In the latest WikiLeaks data dump, around a quarter-million confidential American diplomatic cables were published online. “Cablegate,” as it is being called, has revealed some rather startling information. Among the tech-relevant secrets, the State Department tasked agents to collect DNA and other biometric information on foreigners of interest.
Specifically, U.S. officials were told that in addition to collecting “email addresses, telephone and fax numbers,” they should also snap up “fingerprints, facial images, DNA, and Iris scans.” This directive makes the recent TSA scandal over airport full body scanners seem like child’s play.
Wired joked that this would explain to foreign leaders why the “chief of mission seemed a bit too friendly at the last embassy party.”
Jokes aside, access to DNA information is potentially one of the most important privacy issues of the future.
Decades of DNA Harvesting
In a world in which DNA sequencing is becoming exponentially faster and cheaper, it won’t be long before it is possible to sequence everyone’s genomes for medical purposes. Possession of an individual’s DNA blueprint will be useful in fighting disease and in personalizing drugs and other therapies. Of course, as with any technology, DNA sequencing can be used for either good or evil purposes, so it will need to be used wisely.
The State Department was probably hoping to get the DNA for identification and tracking purposes, as other agencies have done in the past. Indeed, to the horror of many California residents, it was recently revealed that the state government has been storing newborn DNA for the last 30 years without parental knowledge or consent. “With approval by a state committee or court order, samples are retrieved anonymously or by name and provided for research, lawsuits and investigations,” according to local news reports.
Who Needs Enemies?
While government agencies are often derided for their lackluster use of technology — for example, department websites usually are difficult to navigate and search — bureaucrats are not oblivious to the power that innovations offer. In yet another shocking example, it was recently discovered that U.S. federal agents were urged to connect to people on social networks in order to spy on them.
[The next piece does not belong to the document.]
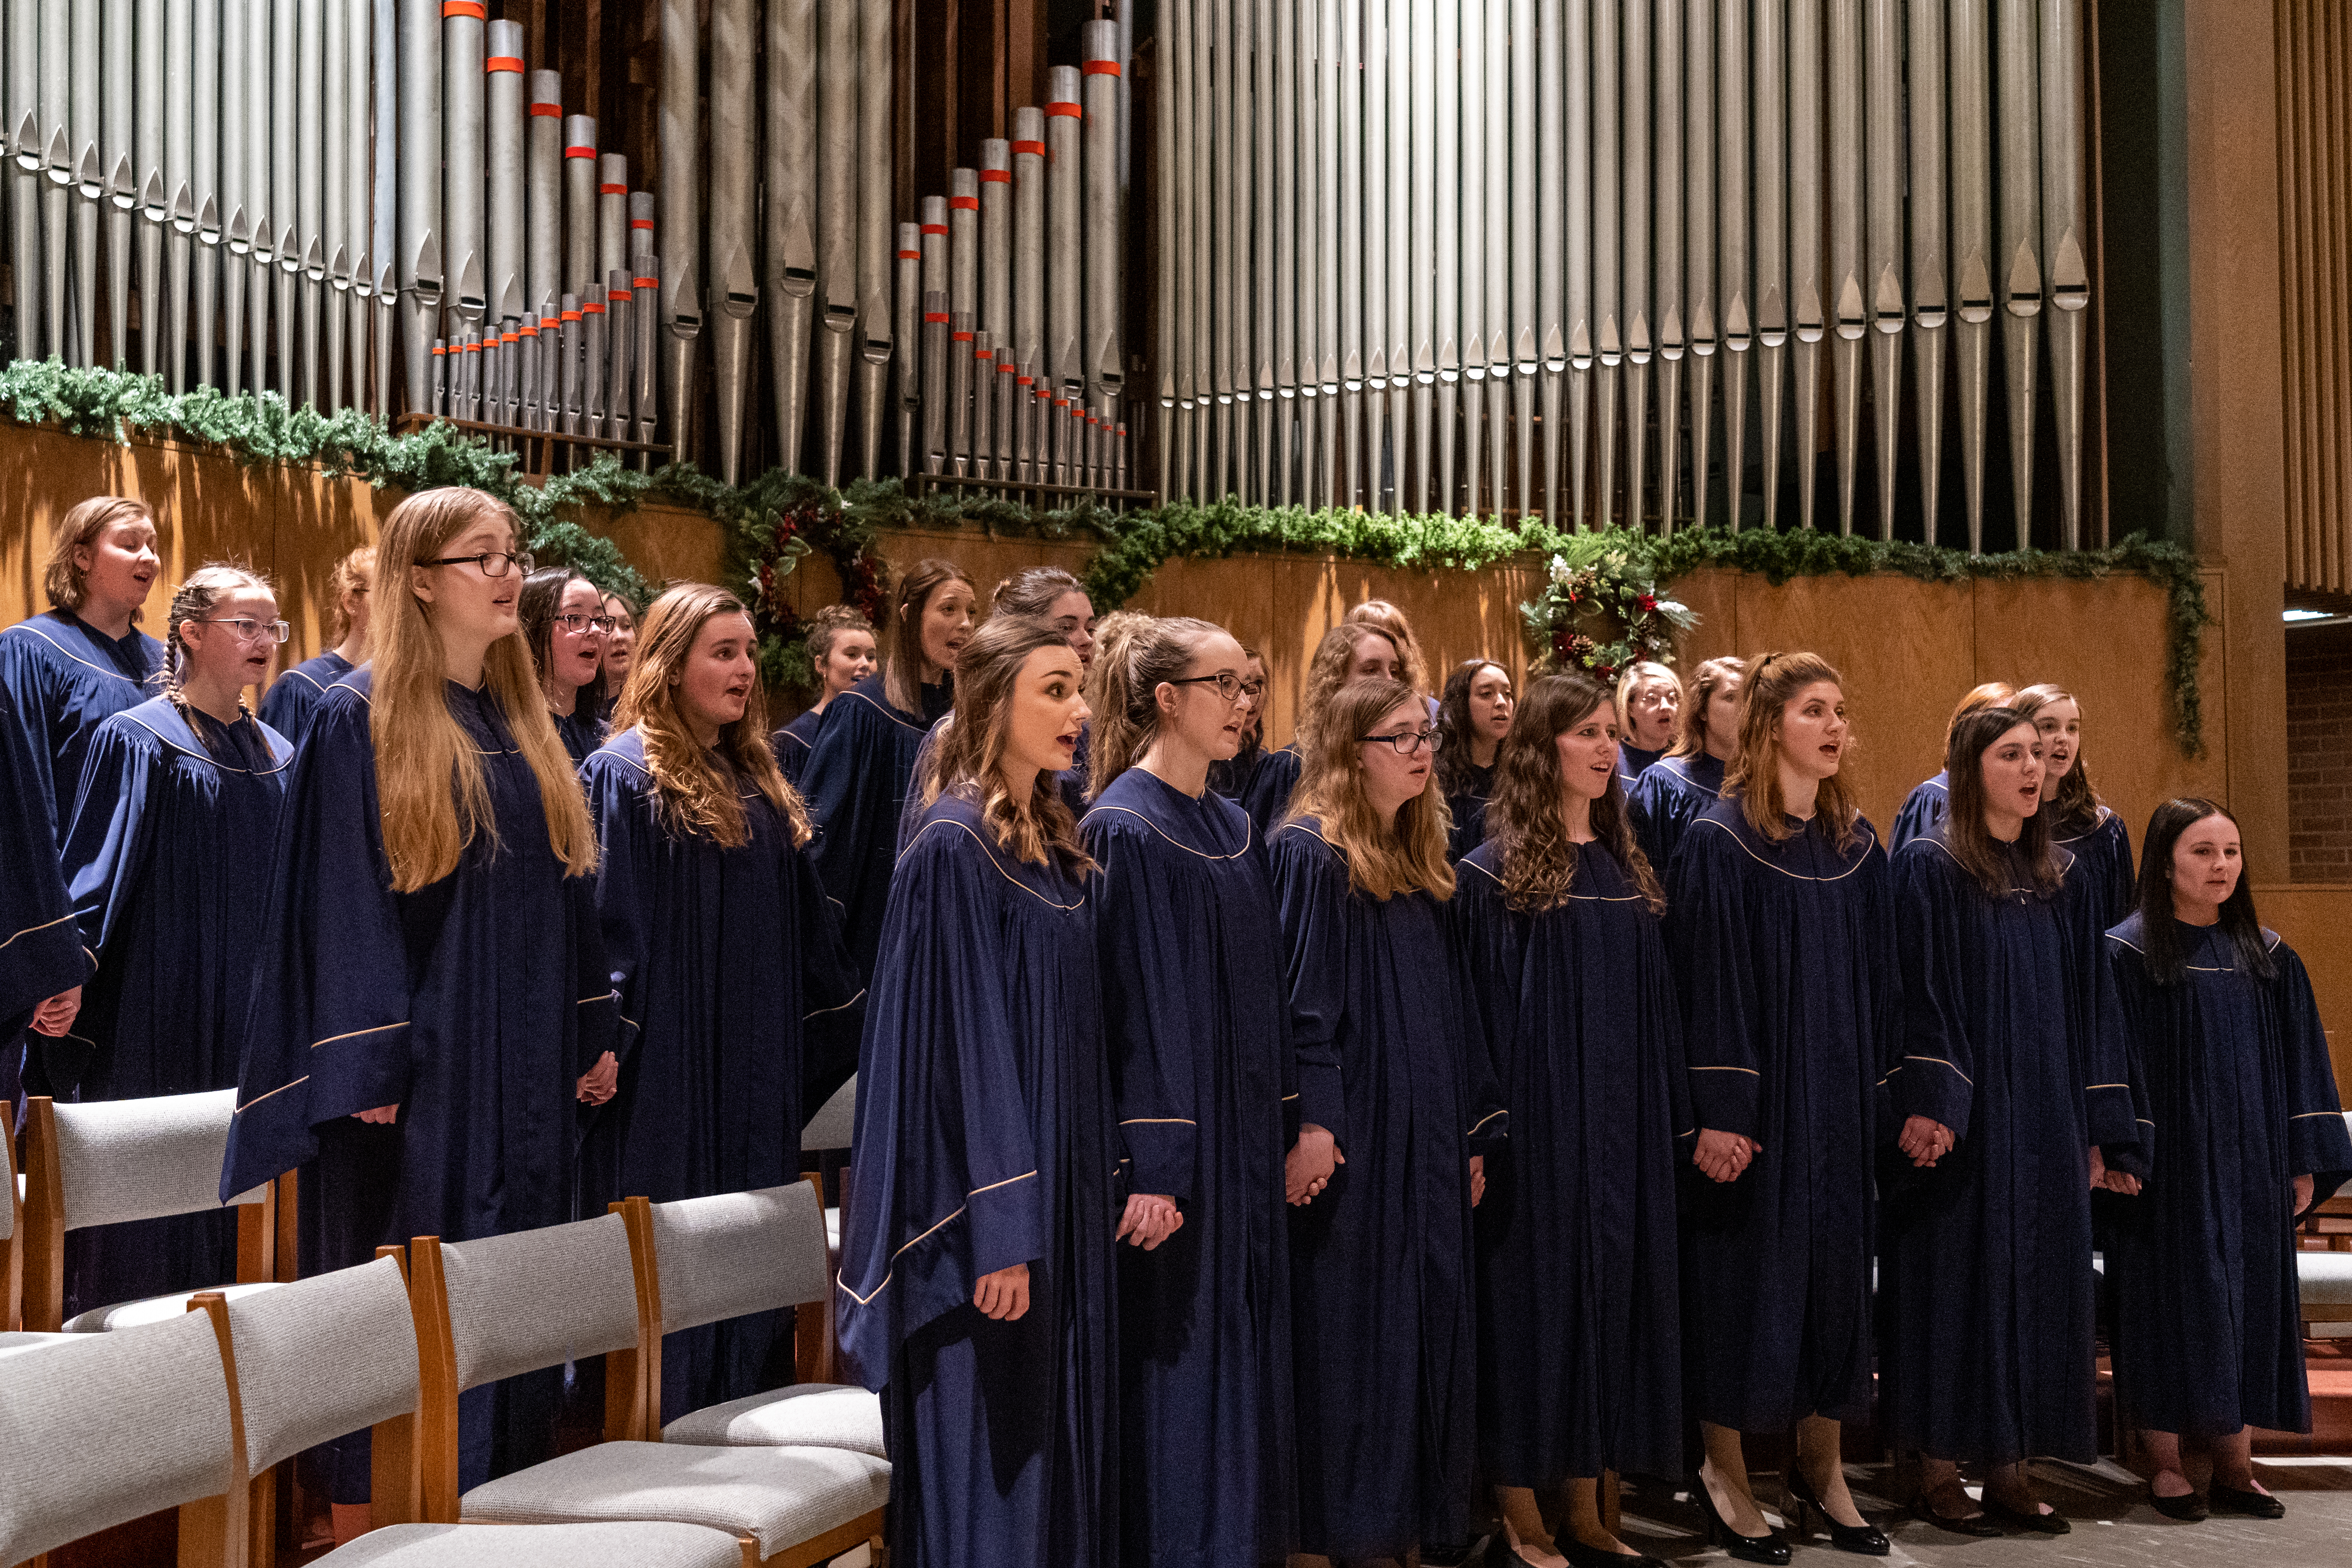 Angelus choir performing at Vespers

In October of this year, the Electronic Frontier Foundation, an Internet watchdog group, obtained memos from U.S. Citizenship and Immigration Services (USCIS) that instruct agents to “friend” people on Facebook in order to get information. Specifically, the USCIS memo states that “Narcissistic tendencies in many people fuels a need to have a large group of ‘friends’ link to their pages and many of these people accept cyber-friends that they don’t even know.”
Bureaucrats explicitly preying on the idea that people want to be popular is not only disconcerting, but seems decidedly out of place in a free America because of “its potentially deceptive and unethical approach to collecting information.”
Opportunity Knocking
Creepy as they might seem, these moves should not be surprising. One of the roles of government is to maintain law, and those tasked with that goal will naturally use all the tools at their disposal. Yet it is important to maintain a balance between privacy and security, especially as new abilities such as whole genome sequencing get cheaper.
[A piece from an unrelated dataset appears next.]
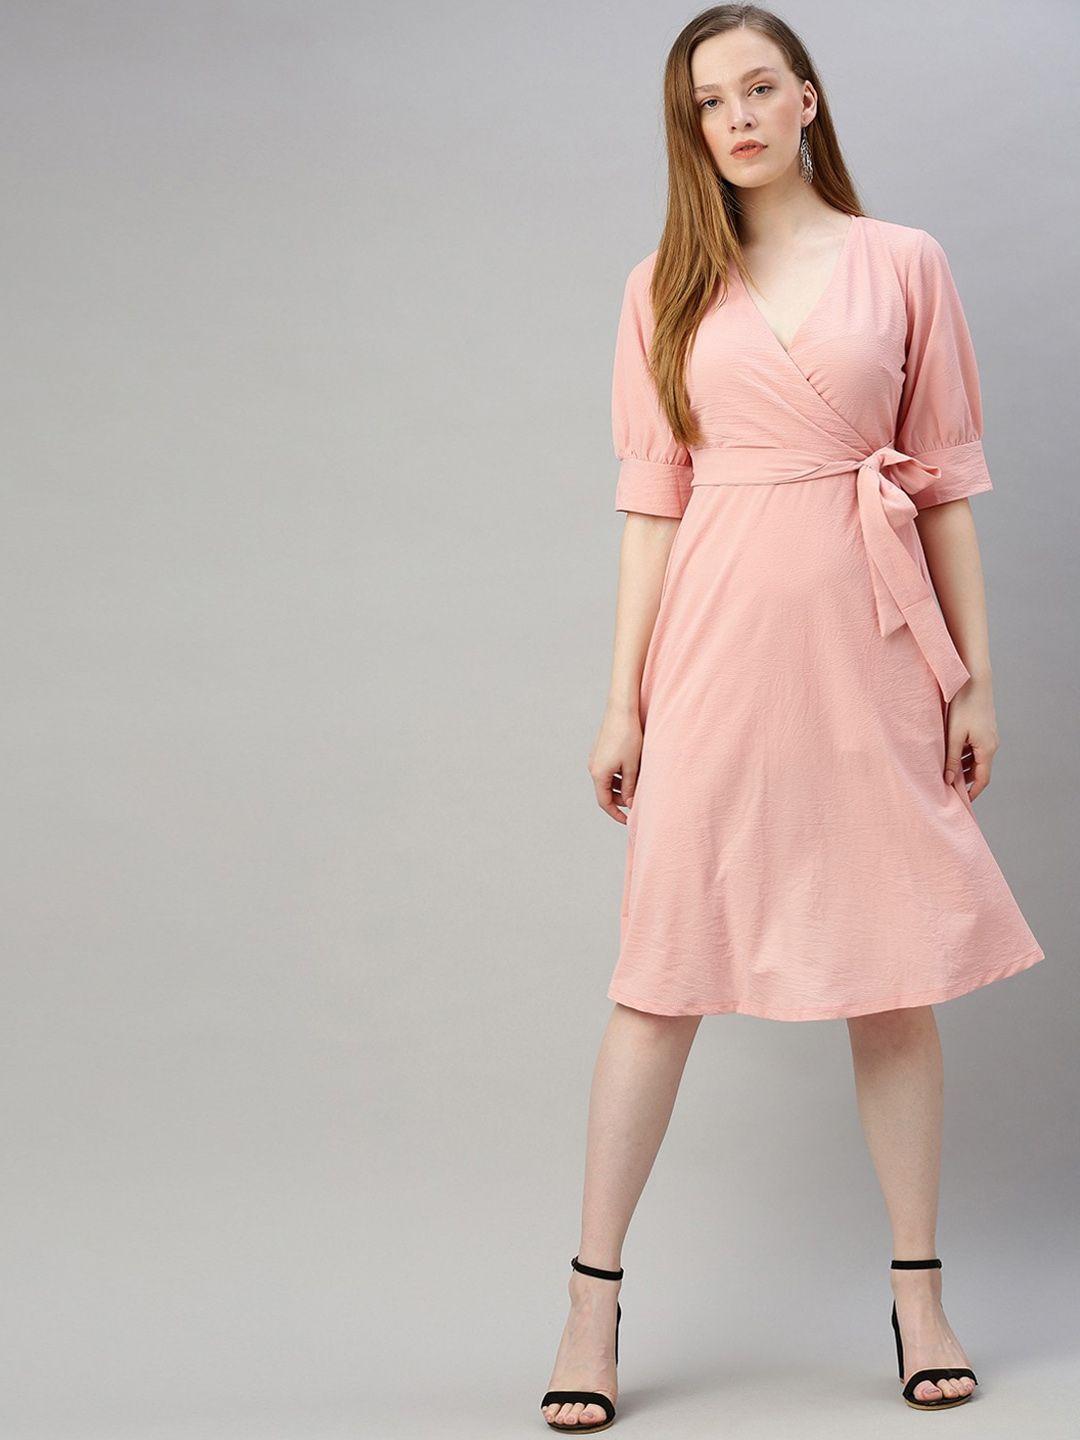 sera pink solid fit & flare dress

In the coming months, there should be a discussion about how the government uses technologies like DNA collection and social networks.
The Obama administration is understandably not happy about the Cablegate leaks, since much of the information affects sensitive international relationships. Yet the president was elected on a platform of transparency, so perhaps he can see this problem as an opportunity to be clearer about privacy and to run a more open government.